» Description of the task: Skipping all images, output the listing word for word.

*** Opening of Data block ***

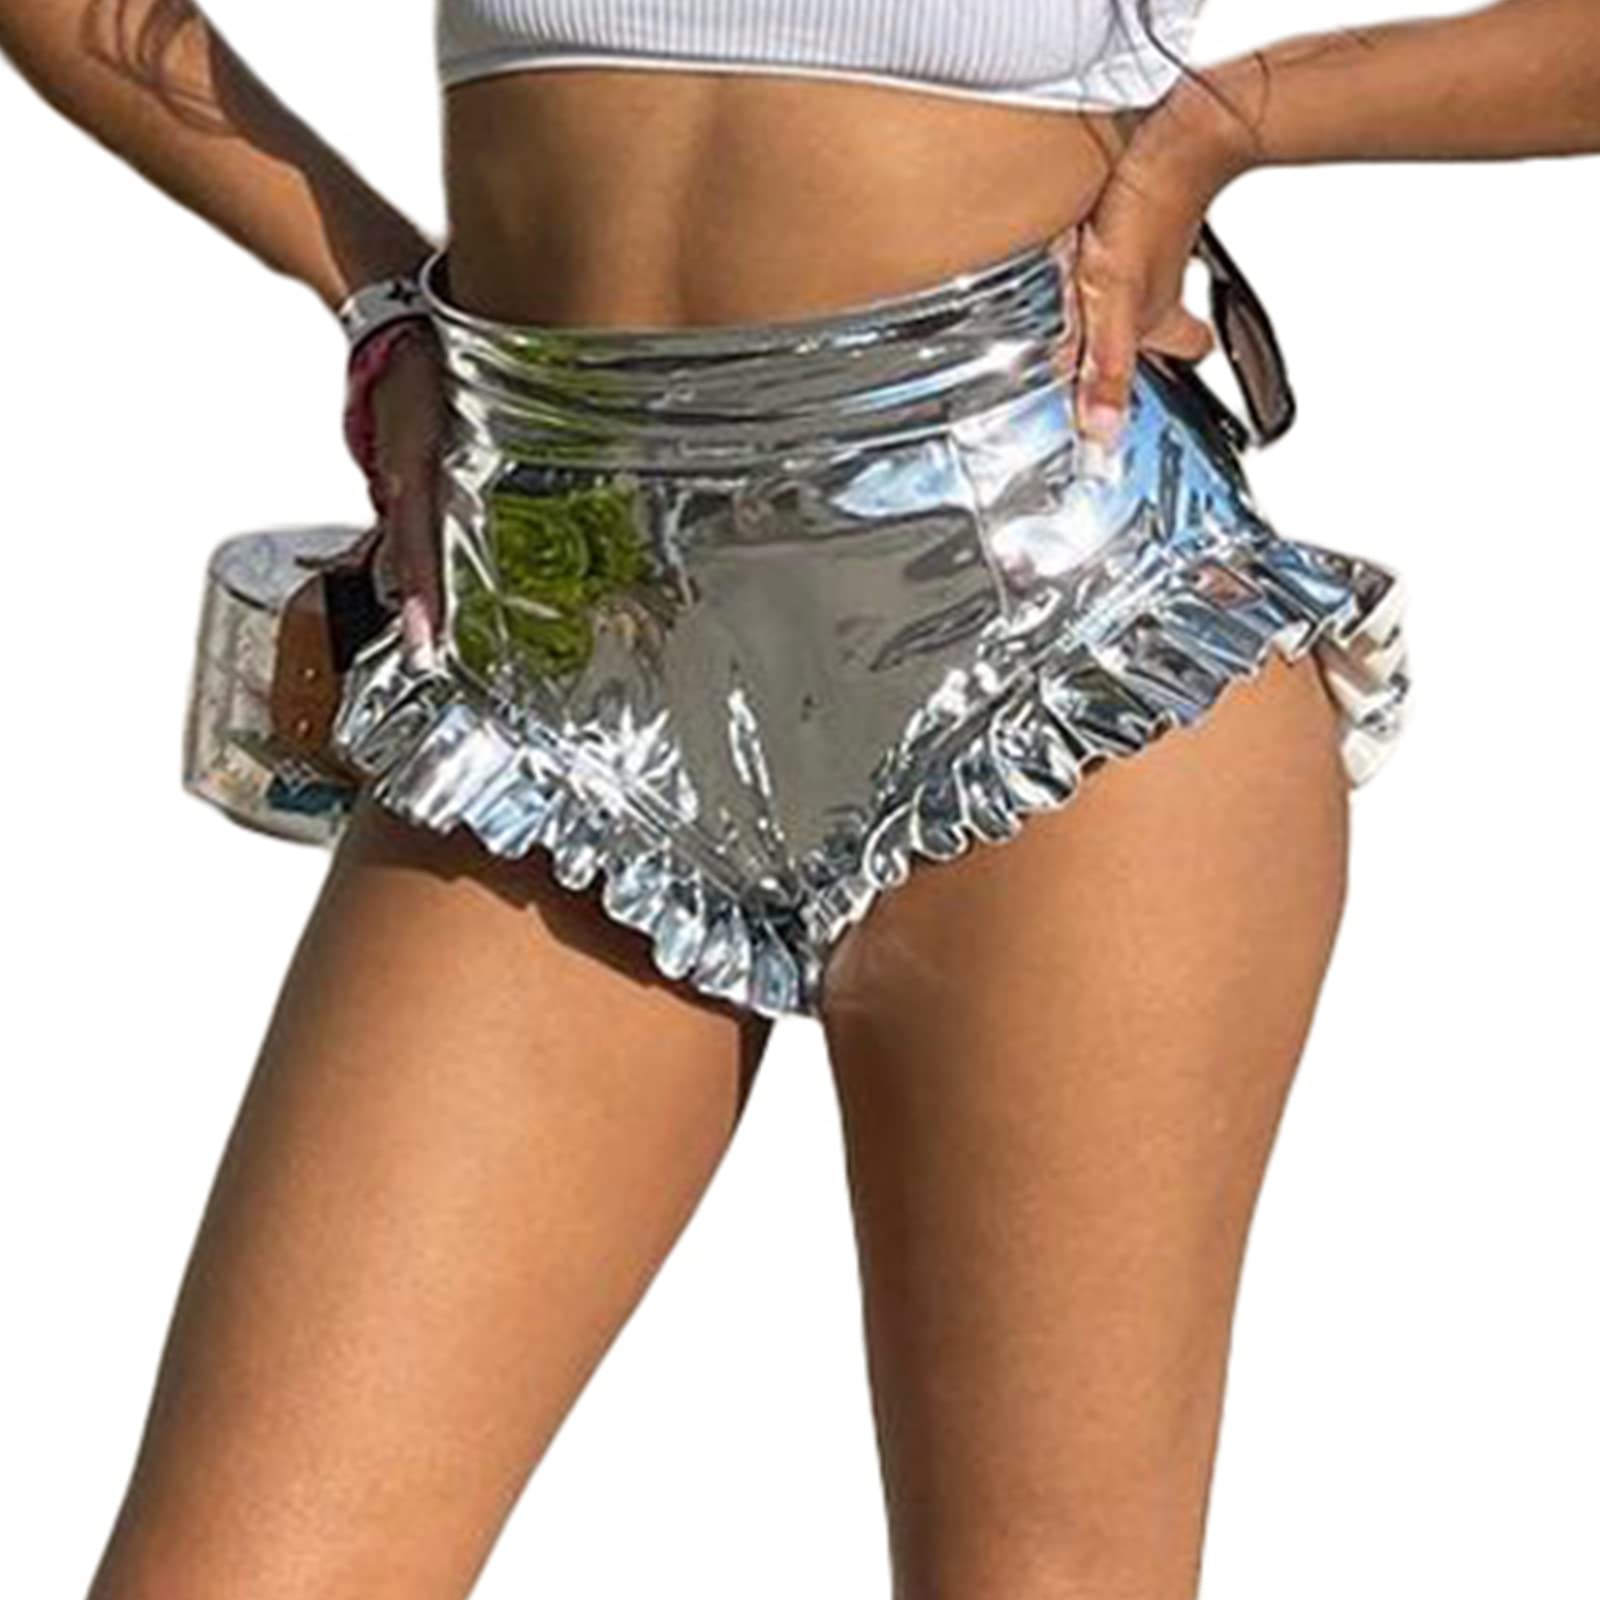 Silver Shorts for Women Metallic - Sexy Shiny Ruffle Booty Shorts
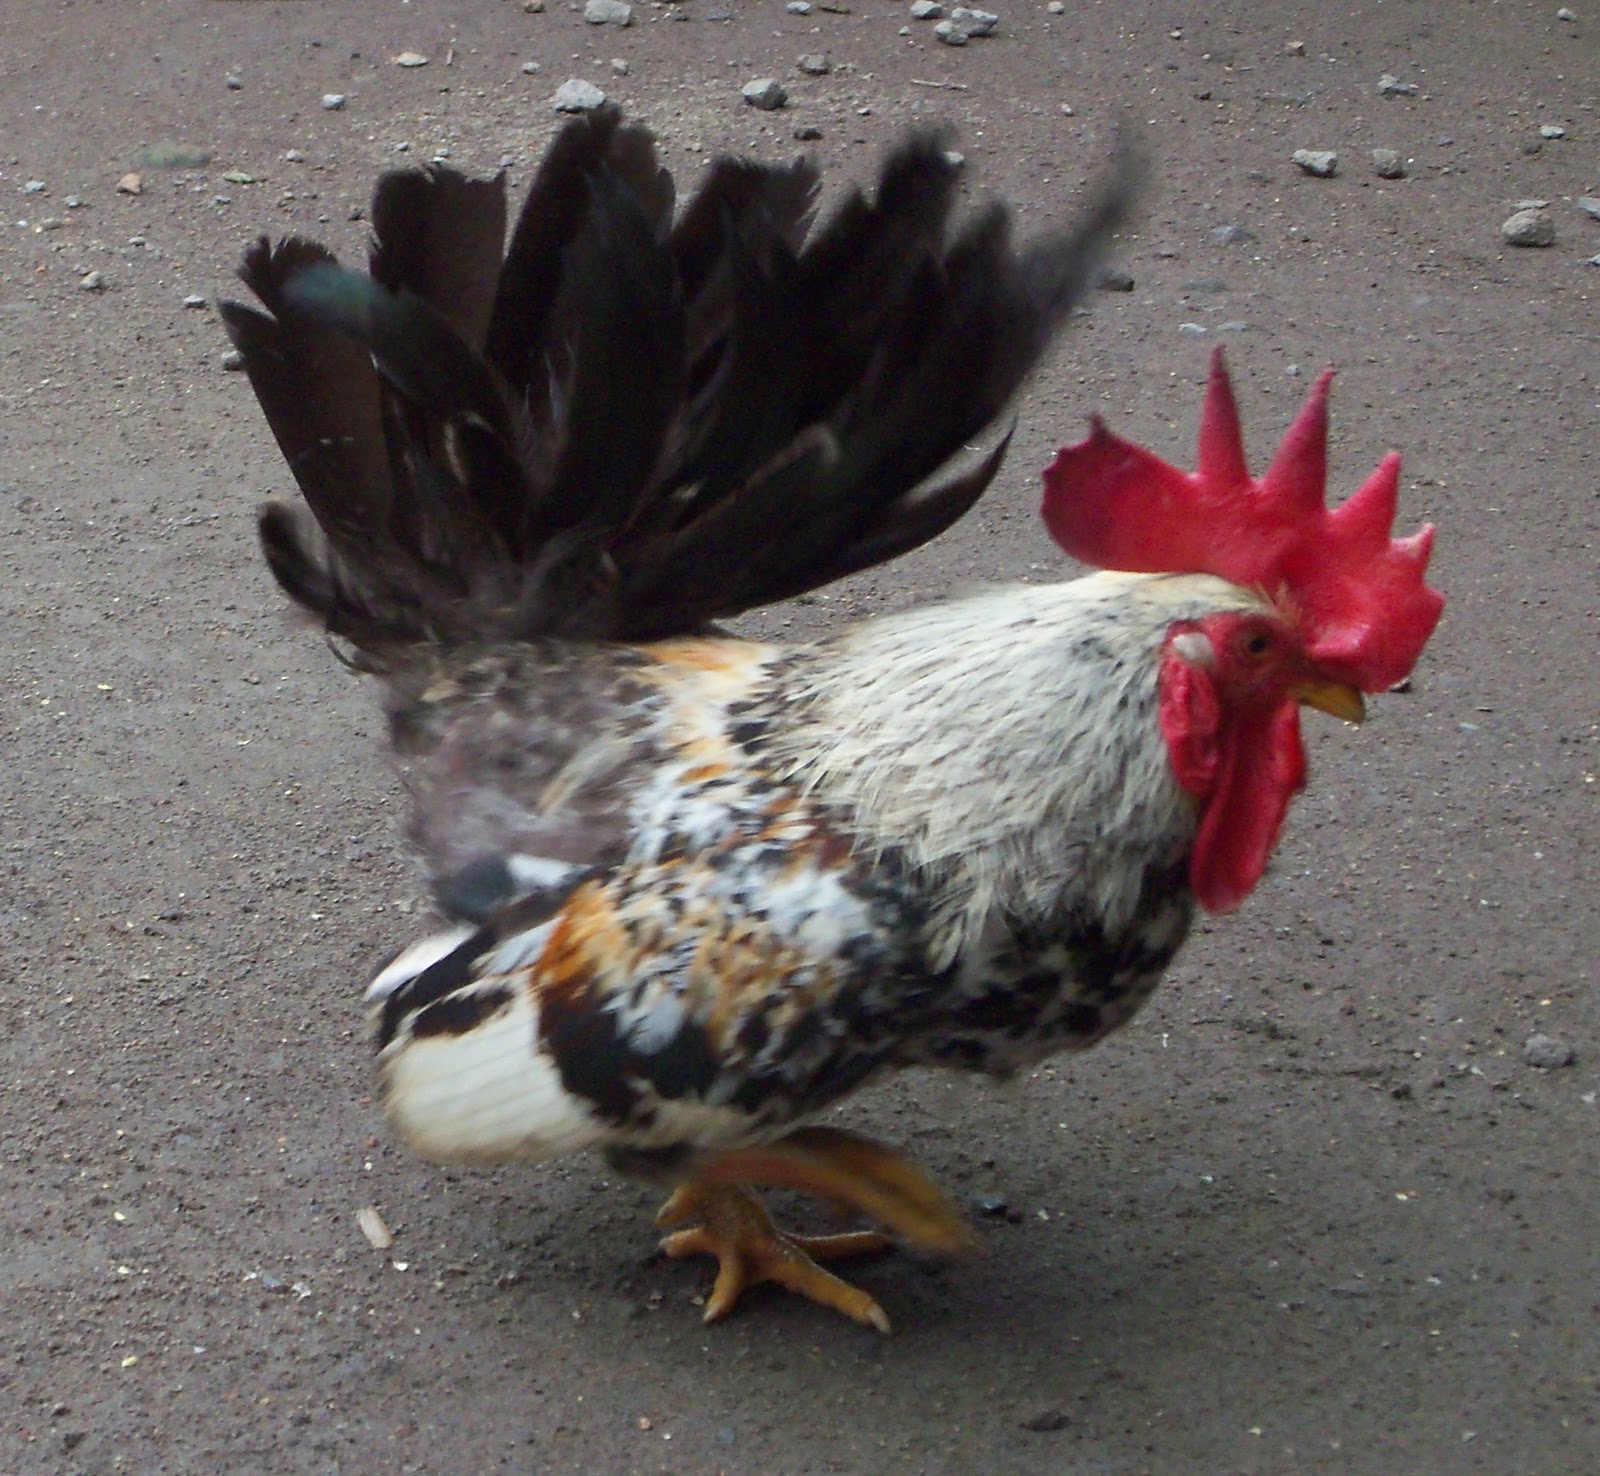  Jenis  Jenis  Ayam  di  Indonesia  KASKUS
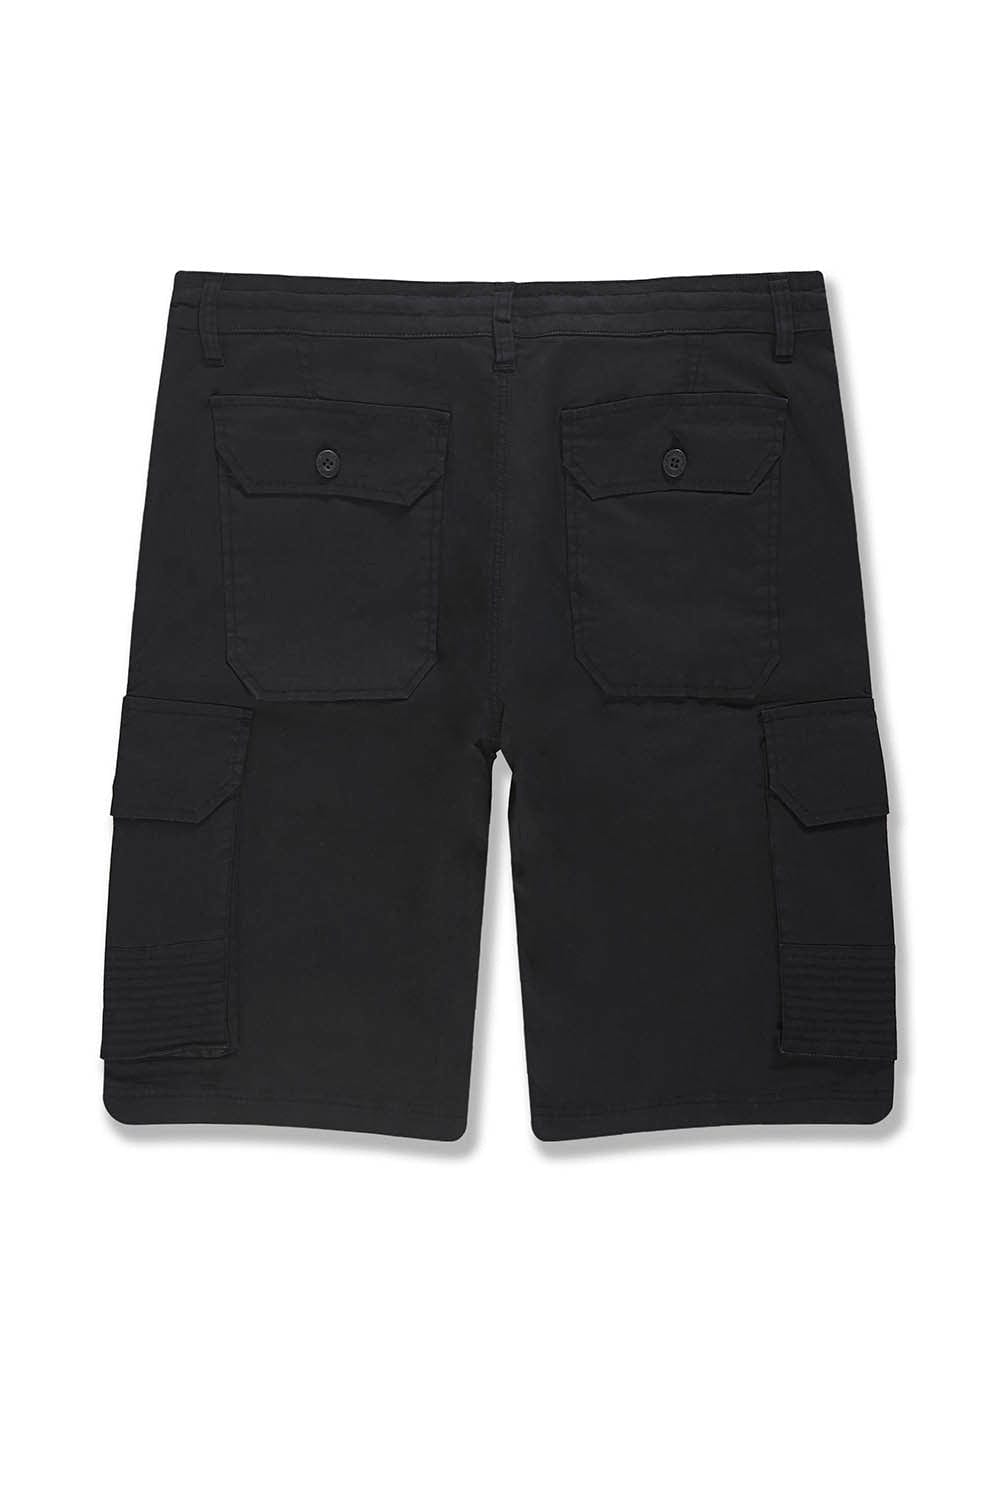 BB OG - Ripstop Cargo Shorts

*** Close of Data block ***

» Answer below:
 Silver Shorts for Women Metallic - Sexy Shiny Ruffle Booty Shorts
  Jenis  Jenis  Ayam  di  Indonesia  KASKUS
 BB OG - Ripstop Cargo Shorts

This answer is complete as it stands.